1

For gensim(1.0.1) doc2vec, I am trying to load google pre-trained word vectors instead of using Doc2Vec.build_vocab

wordVec_google = gensim.models.KeyedVectors.load_word2vec_format('GoogleNews-vectors-negative300.bin', binary=True)    
model0 = Doc2Vec(size=300, alpha=0.05, min_alpha=0.05, window=8, min_count=5, workers=4, dm=0, hs=1)    
model0.wv = wordVec_google    
##some other code 
model0.build_vocab(sentences=allEmails, max_vocab_size = 20000)

but this object model0 can not be further trained with "labeled Docs", and can't infer vectors for documents.

Anyone knows how to use doc2vec with google pretrained word vectors?
I tried this post: http://mccormickml.com/2016/04/12/googles-pretrained-word2vec-model-in-python/ but it does not work to load into gensim.models.Word2Vec object, perhaps it is a different gensim version.

g_p
  • 5,499
  • 3
  • 19
  • 22
user3527917
  • 327
  • 2
  • 10
  • 22
  • a similar question has several answers on how to load pretrained vectors into the Doc2Vec model: https://stackoverflow.com/questions/27470670/how-to-use-gensim-doc2vec-with-pre-trained-word-vectors?rq=1 – Anushka--x Jul 09 '18 at 16:11

1 Answers1

4

The GoogleNews vectors are just raw vectors - not a full Word2Vec model.

Also, the gensim Doc2Vec class does not have general support for loading pretrained word-vectors. The Doc2Vec algorithm doesn't need pre-trained word-vectors – only some modes even use such vectors, and when they do, they're trained simultaneously as needed alongside the doc-vectors.

Specifically, the mode your code is using, dm=0, is the 'Paragraph Vectors' PV-DBOW mode, and does not use word-vectors at all. So even if there was a function to load them, they'd be loaded – then ignored during training and inference. (You would need to use PV-DM, 'dm=1', or add skip-gram word-training to PV-DBOW, dm=0, dbow_words=1, in order for such reused vectors to have any relevance to your training.)

Why do you think you want/need to use pre-trained vectors? (Especially, a set of 3 million word-vectors, from another kind of data, when a later step suggests you only care about a vocabulary of 20,000 words?)

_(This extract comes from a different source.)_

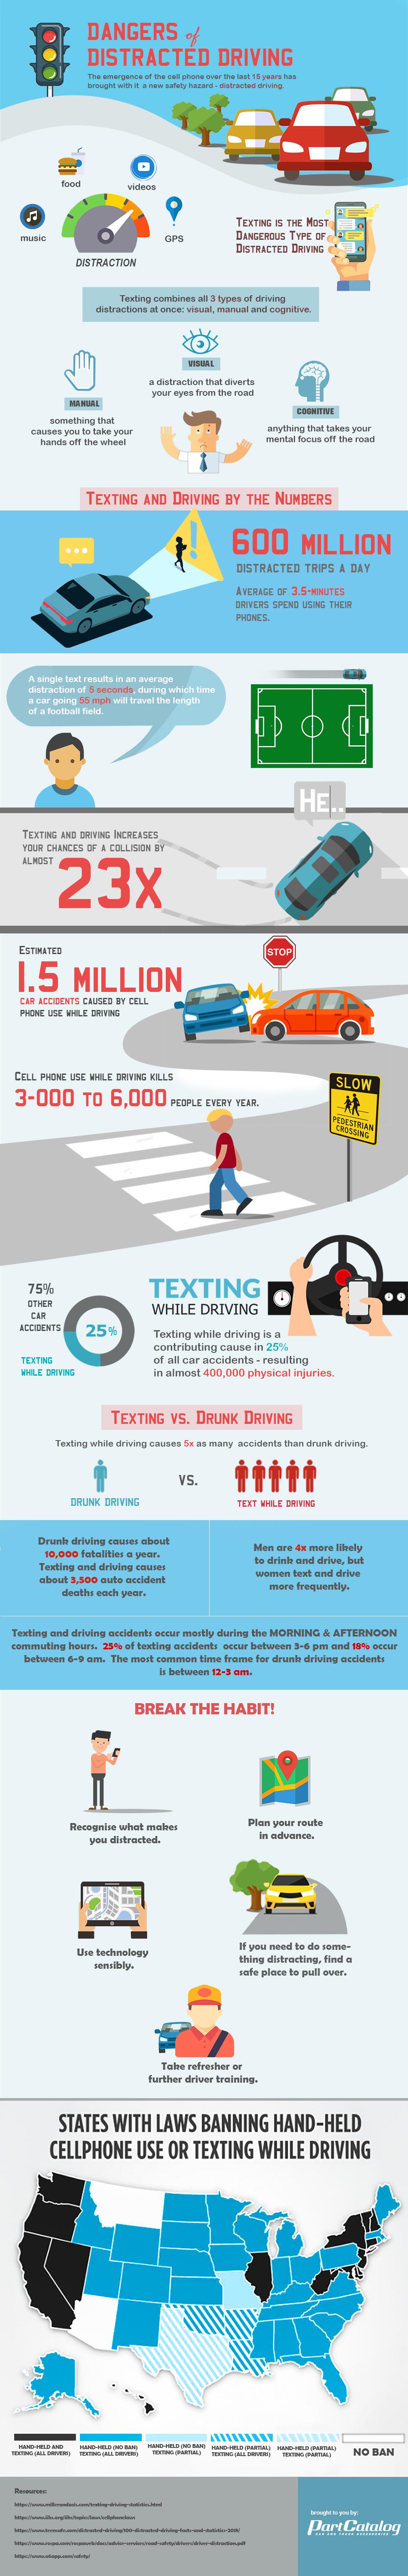 Dangers of Distracting driving infographics.jpg

If for some reason you feel sure you want to initialize Doc2Vec with wrod-vectors from elsewhere, and use a training mode where that would have some effect, you can look into the intersect_word2vec_format() method that gensim Doc2Vec inherits from Word2Vec.

That method specifically needs to be called after build_vocab() has already learned the corpus-specific vocabulary, and it only brings in the words from the outside source that are locally relevant. It's at best an advanced, experimental feature – see its source code, doc-comments, and discussion on the gensim list to understand its side-effects and limitations.

gojomo
  • 52,260
  • 14
  • 86
  • 115